How can "real" datasets like Molbank help developers build better cheminformatics software? (a graphical Molfile Debugger Utility would come in handy...)
Clearly, the connection between Open Access, Open Source, and Open Data is very strong and runs very deep.
Behind the Scenes
The Ruby Molbank GTOC generator works by connecting to the www.mdpi.net server to get its data in real-time. Internally, the software creates a map of the Molbank website so that the molfile (and URL) for any article can be retrieved on demand. Each readable molfile is used to create a 2-D image using Ruby CDK. As a final step, the index.html page is generated, linking the 2-D images to a specific URL for a Molbank article. This file is produced with eRuby using a previously-described technique.
Conclusions
Building a Graphical Table of Contents for Molbank is not that difficult given the power of Ruby, and Molbank's forward-thinking attitude toward mirroring and robots.

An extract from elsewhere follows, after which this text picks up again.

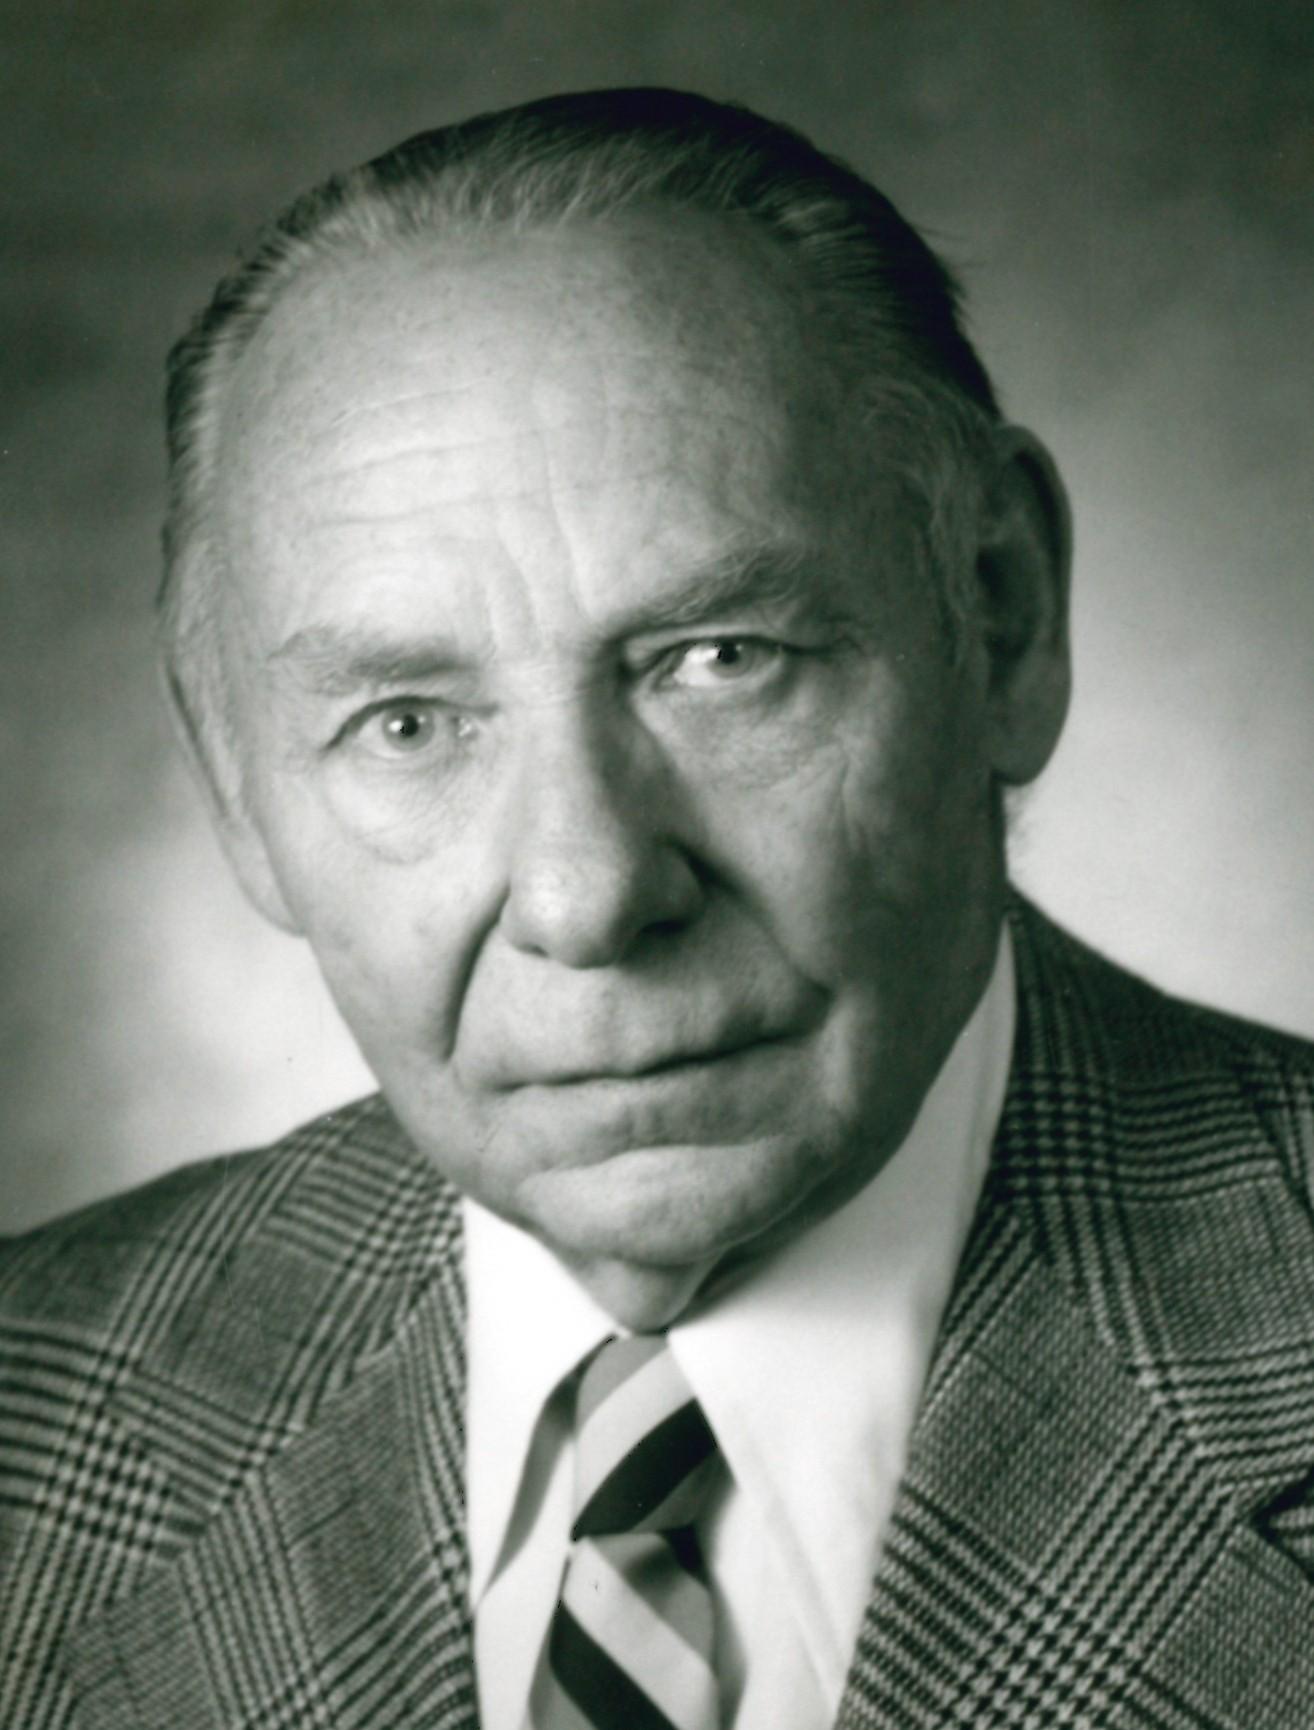 HALL: Dr. Lloyd C. of Lucan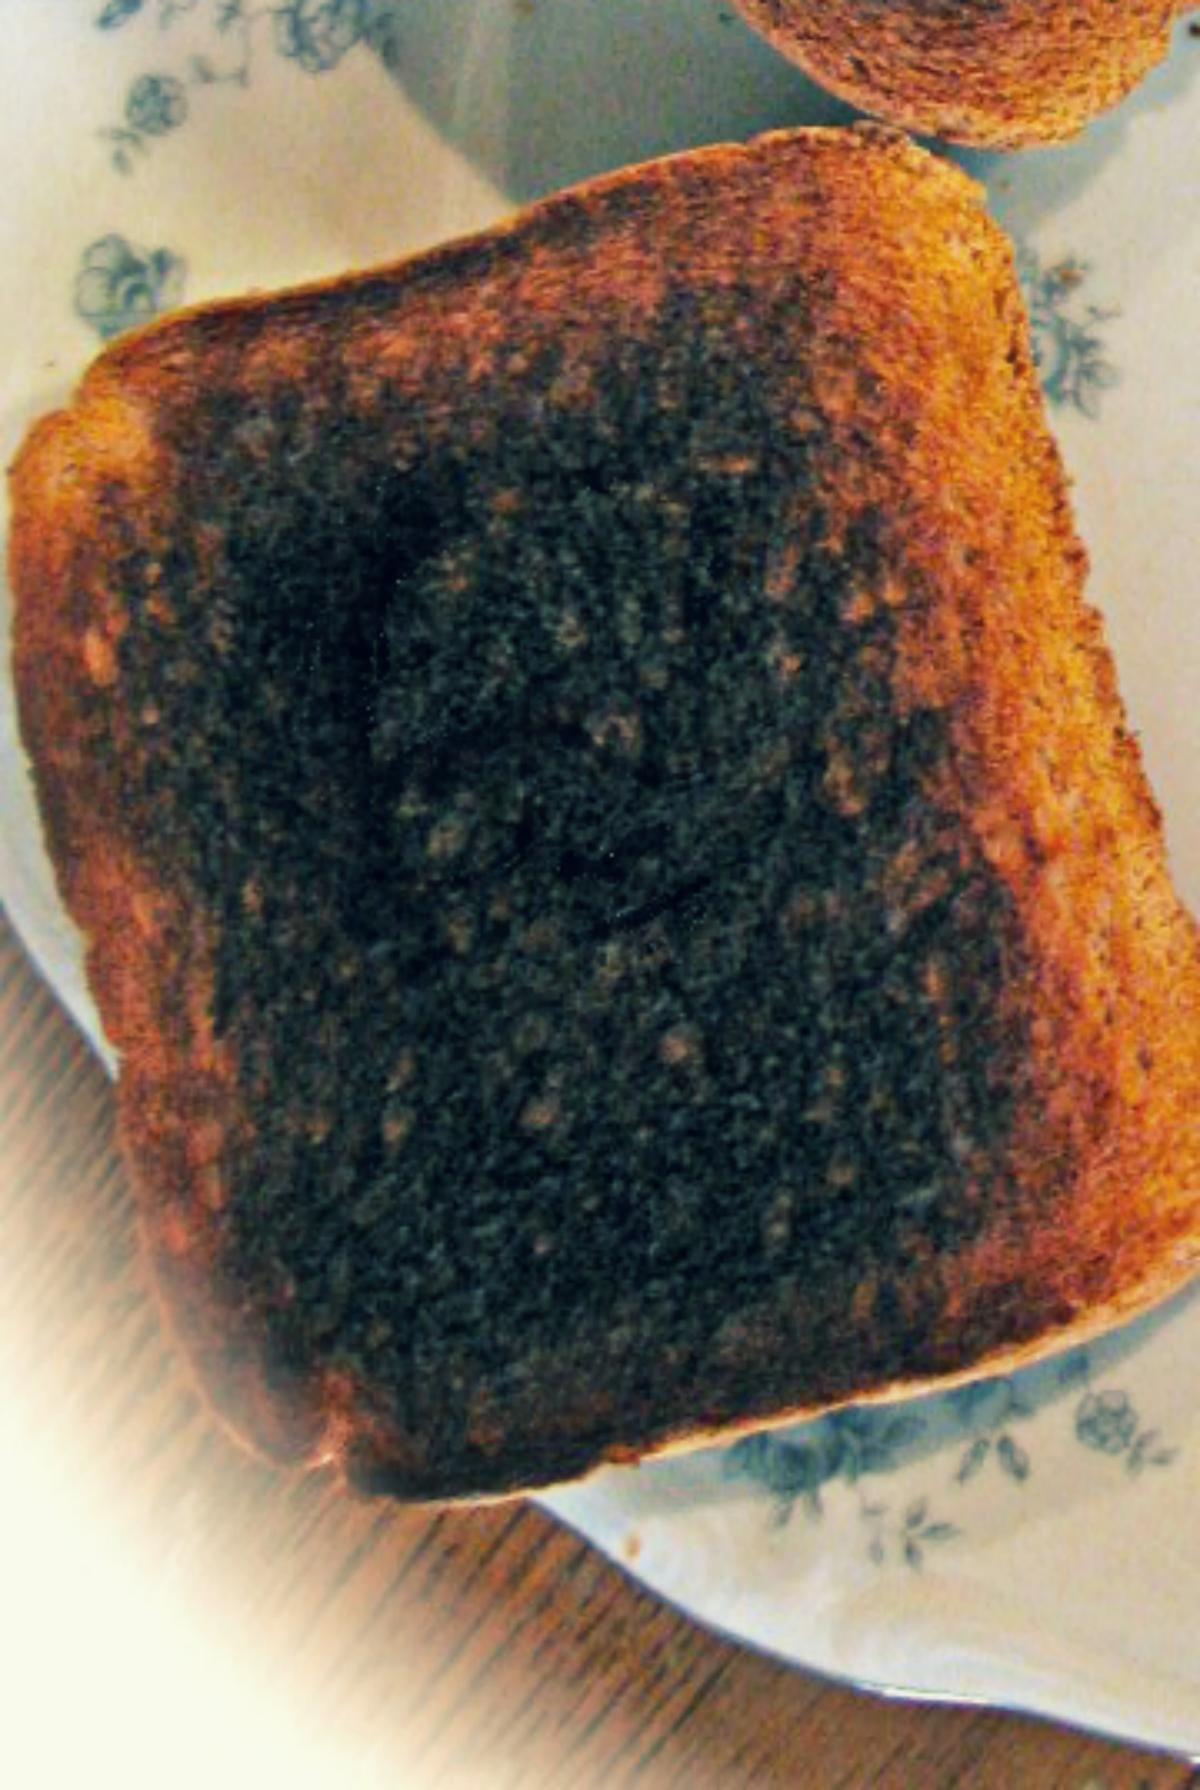 Skrillex Toast

In working on this project, several problems were uncovered, both with Molbank's data, and the software used to mine it.
In some ways, the software described here and its output are less interesting than the larger questions they raise:
How do scientific journals best serve not only their readers, but developers who want to provide new ways to use the journal?
How far does copyright extend in scientific publications? For example, are molfiles copyrightable? If so, at what level of detail are they not? If atom coordinates or some other kind of non-essential information is left out, does that change anything?
In what other practical ways could the connection between Open Source, Open Data, and Open Access be explored?
These and many related questions are waiting just around the corner. As Open Access becomes more viable, both technically and commercially, look to Open Source and Open Data to provide the synergies that will unlock its true potential.